**Task prompt**
This calls for a verbatim copy of all the data, with no images carried over.

**The data**
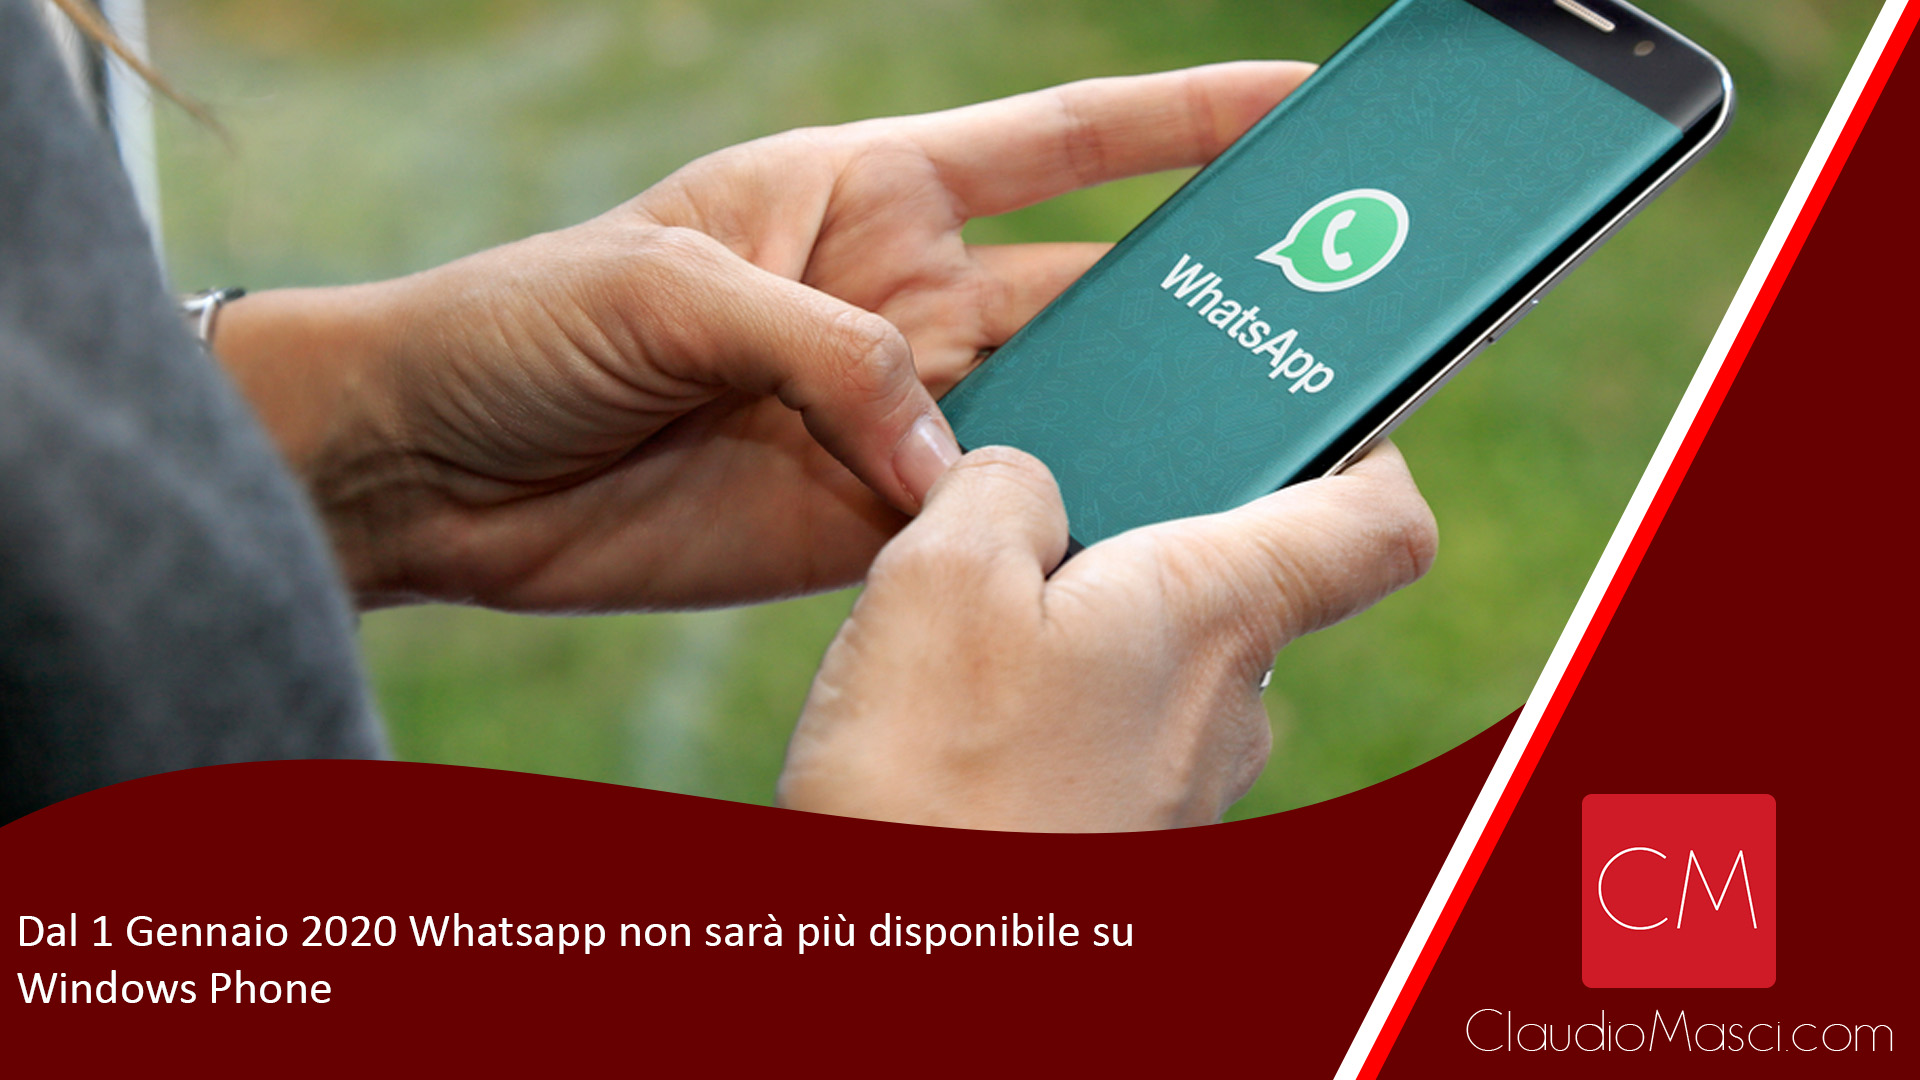 Dal 1 Gennaio 2020 Whatsapp non sarà più disponibile su Windows Phone
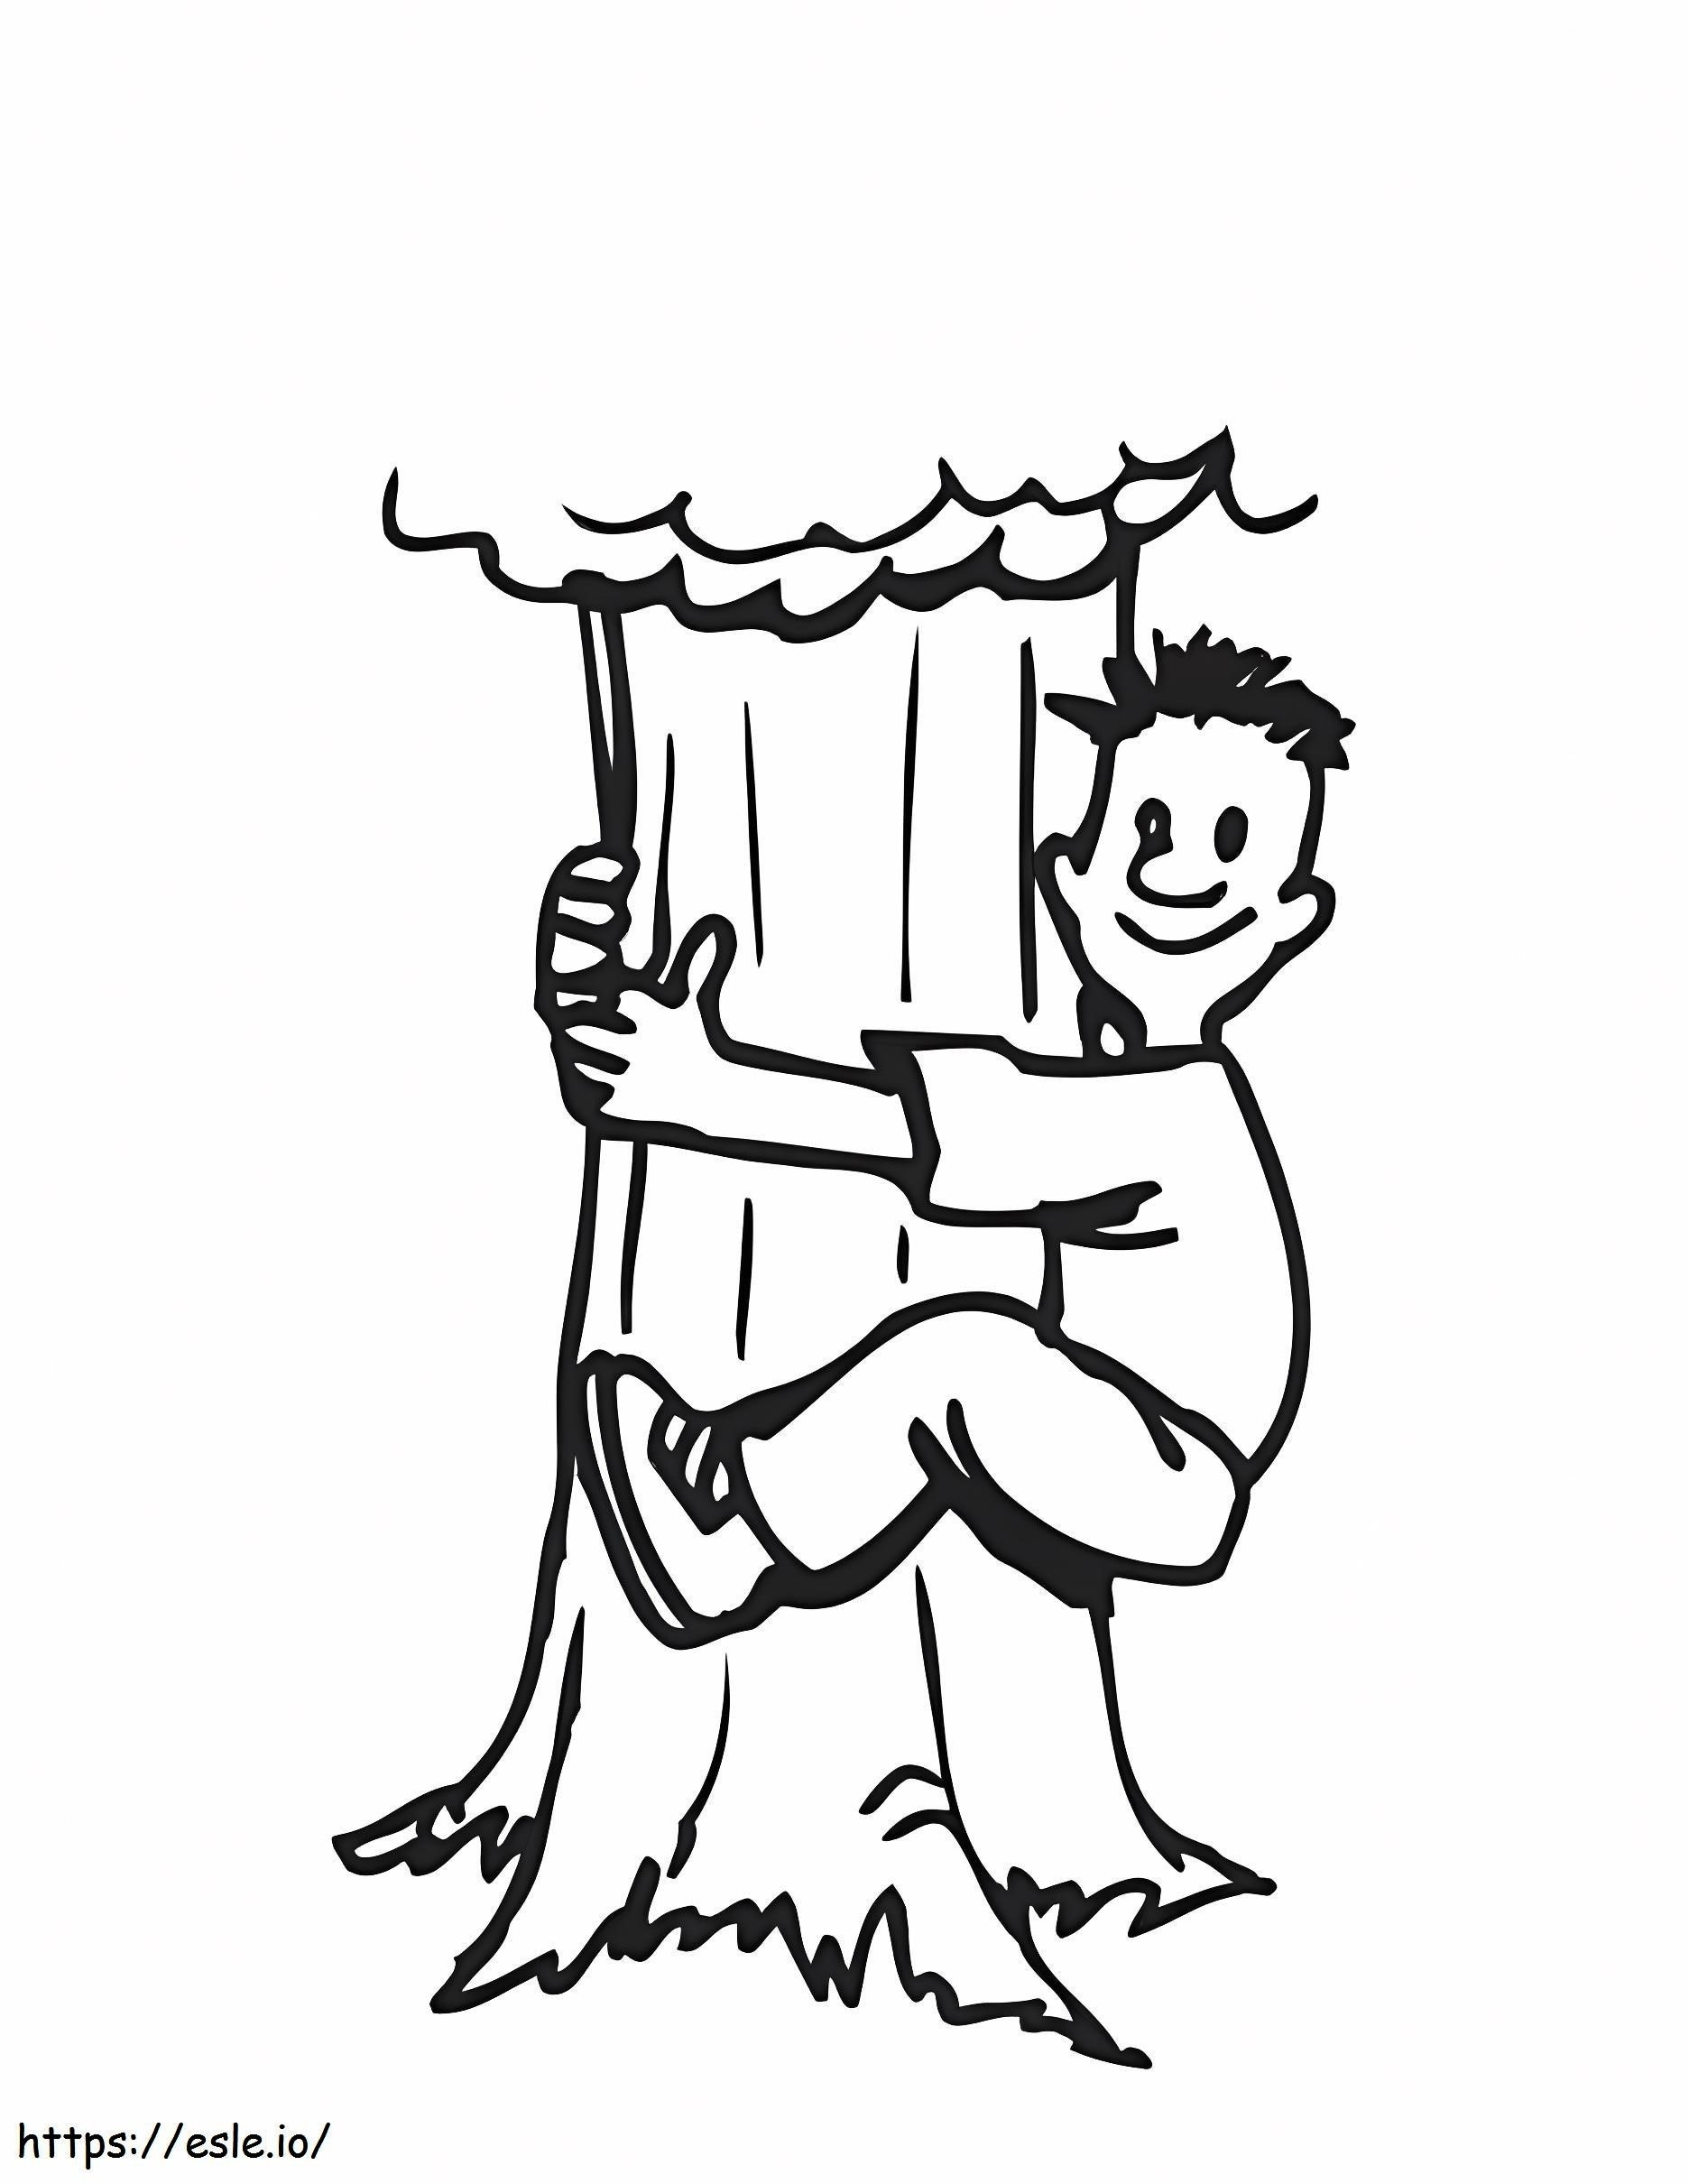 Człowiek wspinający się na drzewo kolorowanka
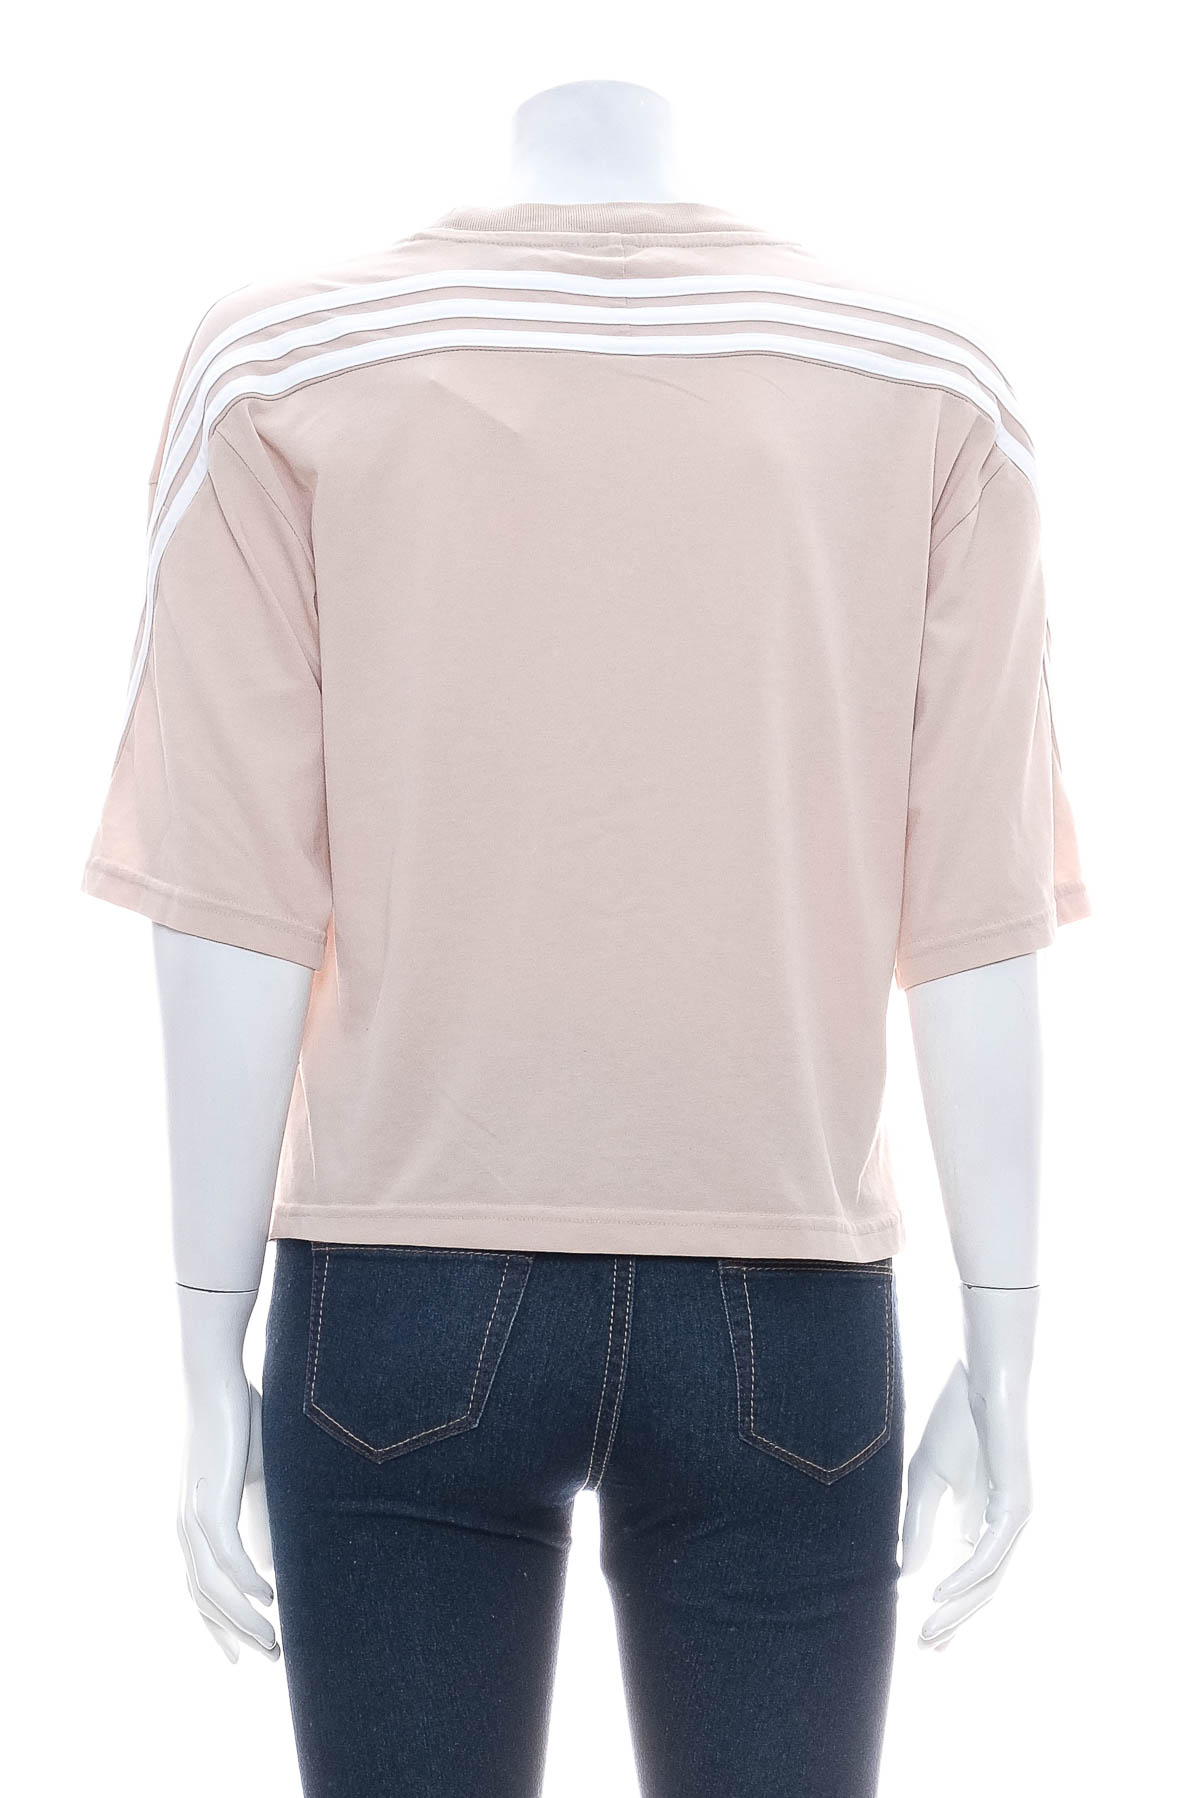 Γυναικεία μπλούζα - Adidas - 1

**Response to the task**
 Dal 1 Gennaio 2020 Whatsapp non sarà più disponibile su Windows Phone
 Człowiek wspinający się na drzewo kolorowanka
 Γυναικεία μπλούζα - Adidas - 1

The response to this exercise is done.